Genetic association testing of the ARHGEF10 gene with CIPN

Taqman PCR testing achieved a genotyping rate of 99.5% in the 75 patients at the three ARHGEF10 SNV studied. One patient sample at rs9657362 failed the PCR reaction. All SNV passed quality control tests. The observed minor allele frequency (MAF) of ARHGEF10 SNV in N08CA was similar to the prior study N08C1 and to the standard reference datasets by the 1000 Genome Project (1KG) and the NHLBI (Fig. 2a). The distribution of genotypes was consistent with Hardy Weinberg equilibrium. All tested SNV were non-synonymous, i.e., predicted to alter the protein sequence (Fig. 2b). Gene level testing with C-alpha found a significant association of the ARHGEF10 gene with the CIPN phenotype with a significance level of p=0.024.

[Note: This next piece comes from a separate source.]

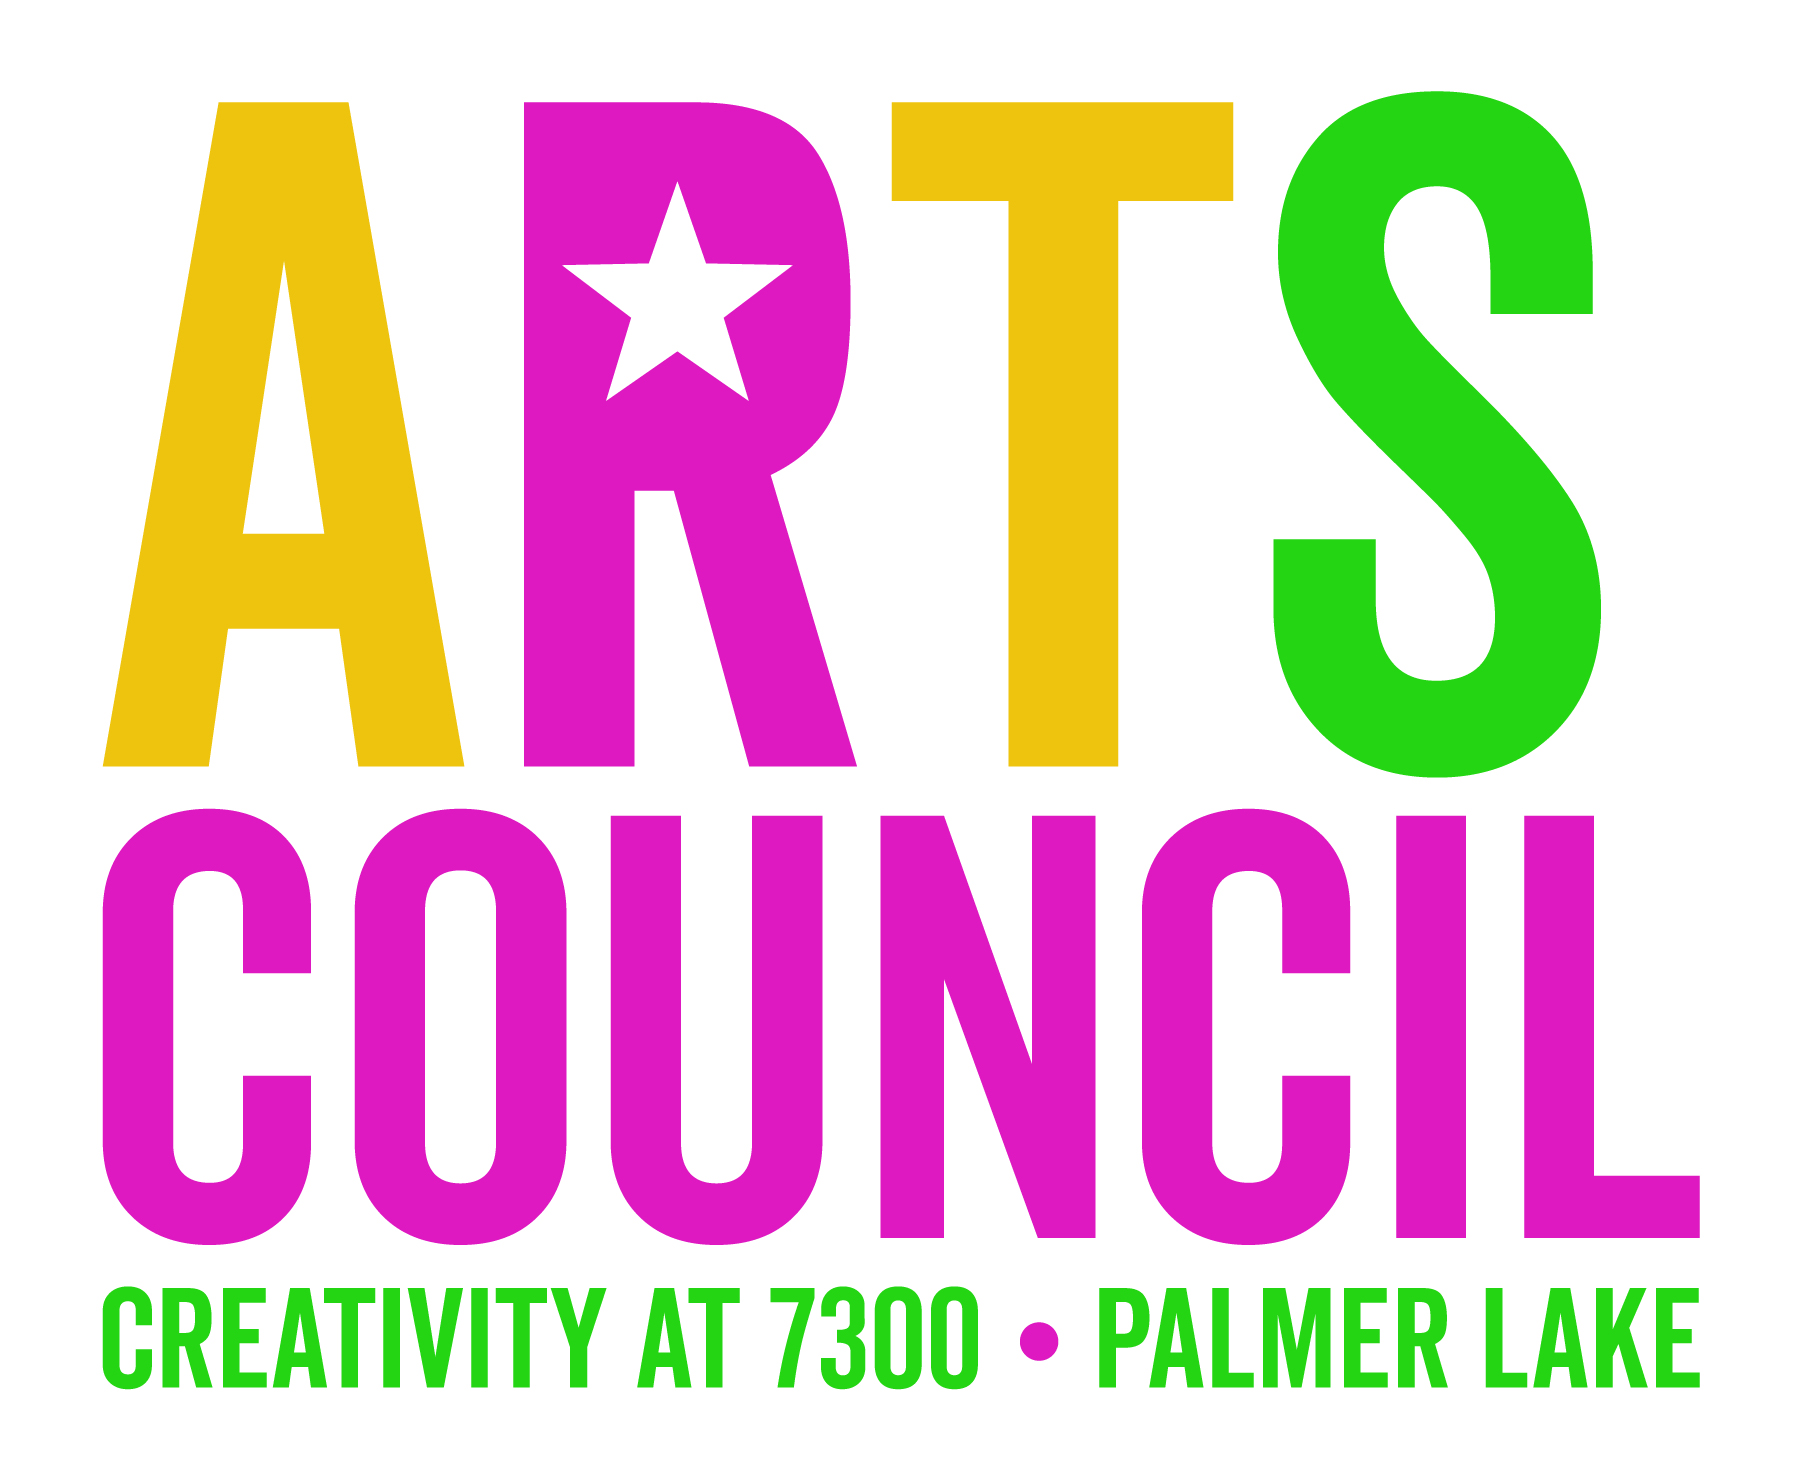 Palmer Lake Art Council (PLAC)

Figure 2. Quality control of ARHGEF10 genotyping.

Figure 2

Open in a new tab

a. The minor allele frequency (MAF) observed in the N08CA genomic study population (solid-colored bars) is shown for the three non-synonymous, recurrent SNV in ARHGEF10. The observed MAF was similar to the MAF previously observed in N08C1 and to the MAF reported for large reference datasets from the 1000 genomes project (1KG) and the NHLBI 4550 exome cohort (NHLBI). b. The relative proportion of homozygous major, heterozygous, and homozygous minor genotypes for each SNV were consistent with Hardy Weinberg equilibrium expectations.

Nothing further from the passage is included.